The argument now consist of two parts: (1) equality of characteristic and minimal polynomials implies that the $K[X]$-module is cyclic: for some fixed generating vector $v_0$, every $v\in V$ can be written $v=P\cdot v_0$ for some $P\in K[X]$; (2) an endomorphism of a cyclic $K[X]$-module is given by multiplication by some fixed $Q\in K[X]$. (In the end this will mean that $B=Q[A]$.)

The proof of (2) is straightforward: calling the endomorphism $\beta$ and writing $\beta(v_0)=Q\cdot v_0$, one has, for any $P\in K[X]$, that $\beta(P\cdot v_0)=P\cdot\beta(v_0)=P\cdot Q\cdot v_0=Q\cdot P\cdot v_0$, which shows that $\beta$ coincides with multiplication by$~Q$. (In the application $\beta$ is multiplication by the matrix$~B$, which coincides with multiplication by $Q[A]$, so this must be the same matrix.) (This part corresponds to the answer by user10676, with $Q=\sum_{i=0}^{n-1}a_iX^i$ of that answer.)

The proof of (1) is easy with the mentioned structure theorem, which says that $V$ decomposes as a direct sum of cyclic modules, with the minimal polynomial of each summand dividing that of the next.
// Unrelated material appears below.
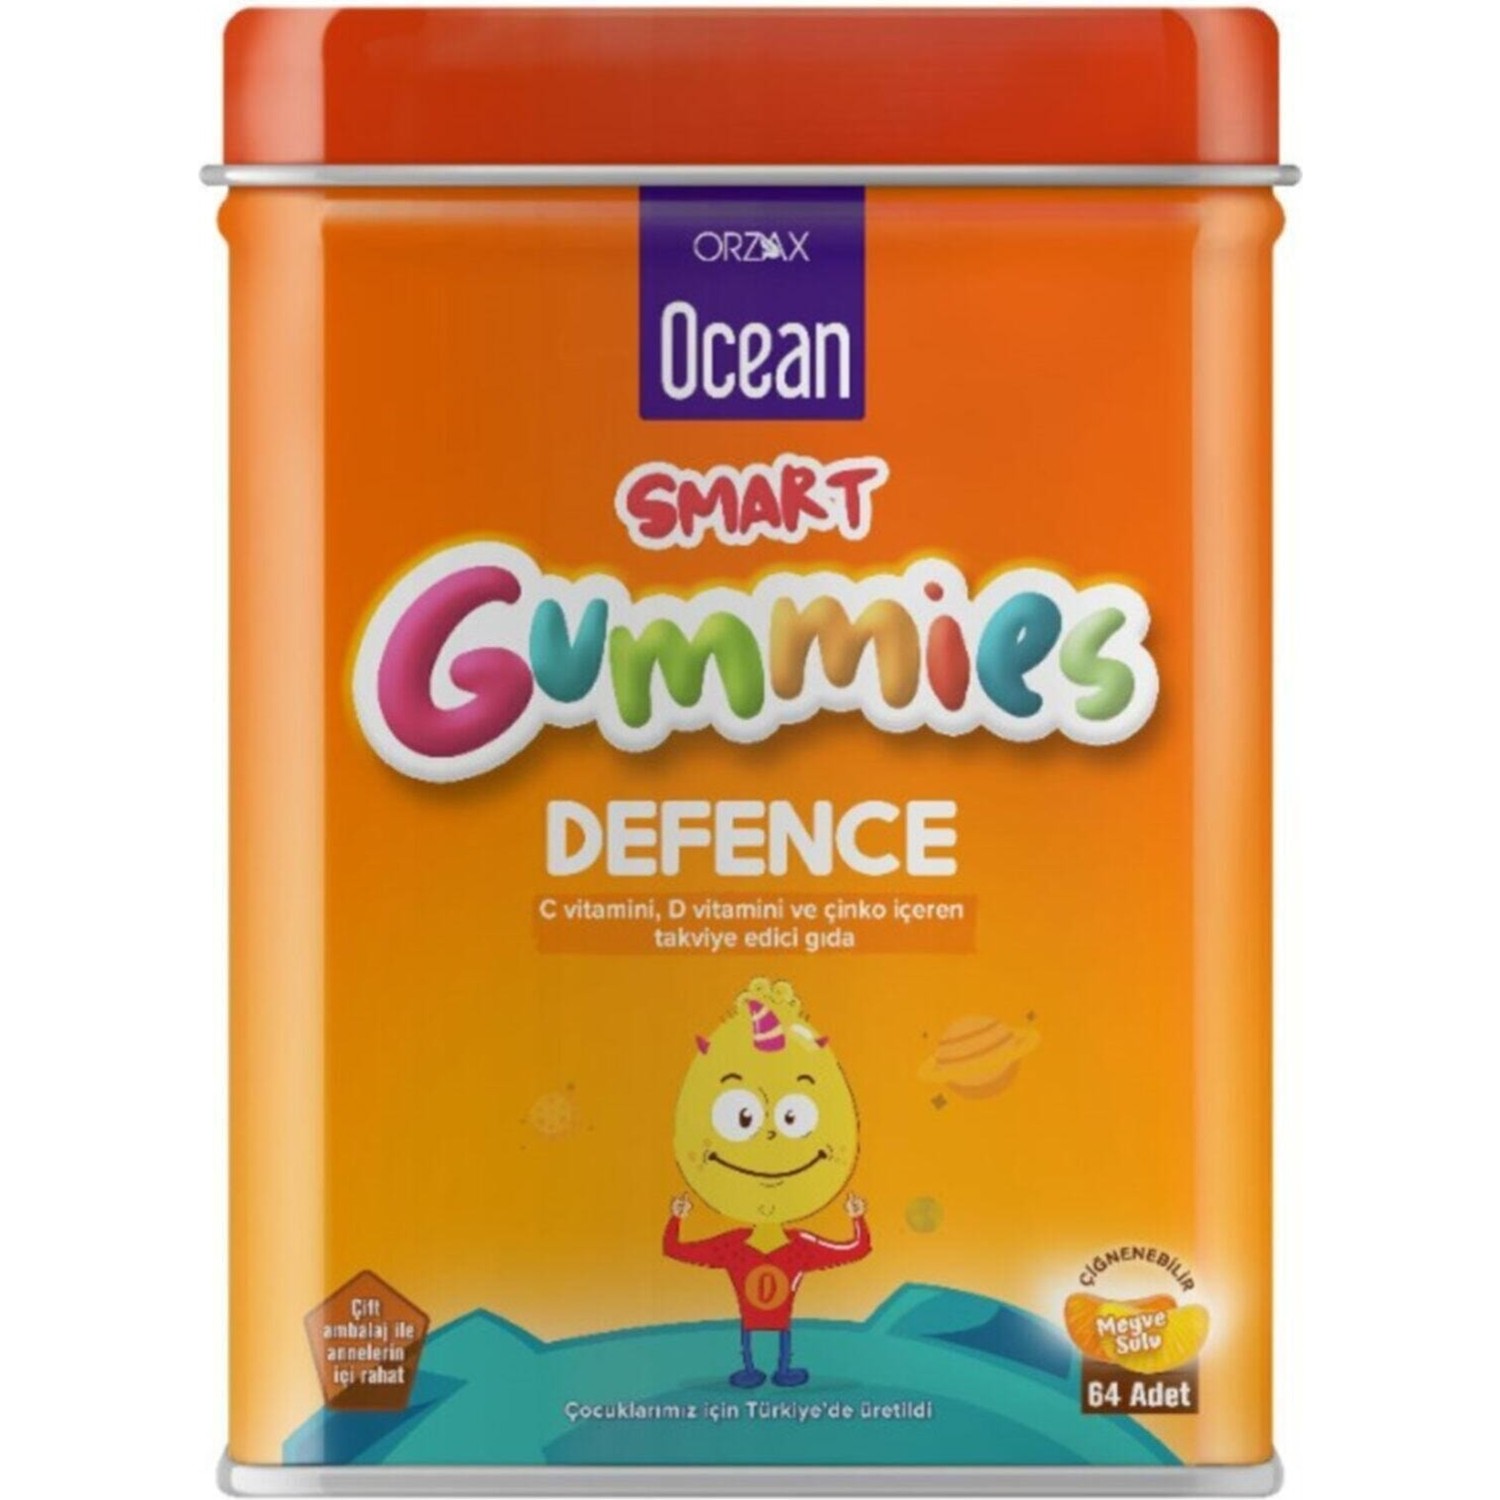 Пищевая добавка Ocean Smart Gummies Defense Cigneme, 64 таблетки активная добавка daily one energy мультивитаминная жевательная резинка ocean smart gummies в форме 64 граммового геля

Then the last minimal polynomial annihilates all summands and is therefore the global minimal polynomial; the characteristic polynomial is the product of those minimal polynomials. So minimal and characteristic polynomials coincide (if and) only if the decomposition contains no more then one (non-trivial) module.

If one wants to reason without using the structure theorem for f.g. modules over a P.I.D., (1) is still quite plausible. For every vector $v$ the minimal degree monic polynomial $M$ such that $M\cdot v=0$ divides the minimal polynomial$~\mu$, and for every strict divisor $D$ of$~\mu$ the subspace annihilated by $D$ is a proper subspace; this suggests that for most vectors $v$ one has $Q=\mu$, and given that $\deg(\mu)=\dim(V)$, this means that $v$ generates $V$ as a cyclic module. Indeed there are only finitely many divisors$~D$, so if $K$ is an infinite field this amounts to a valid argument. An complete argument valid for all fields is a bit more work, but can be found in this answer.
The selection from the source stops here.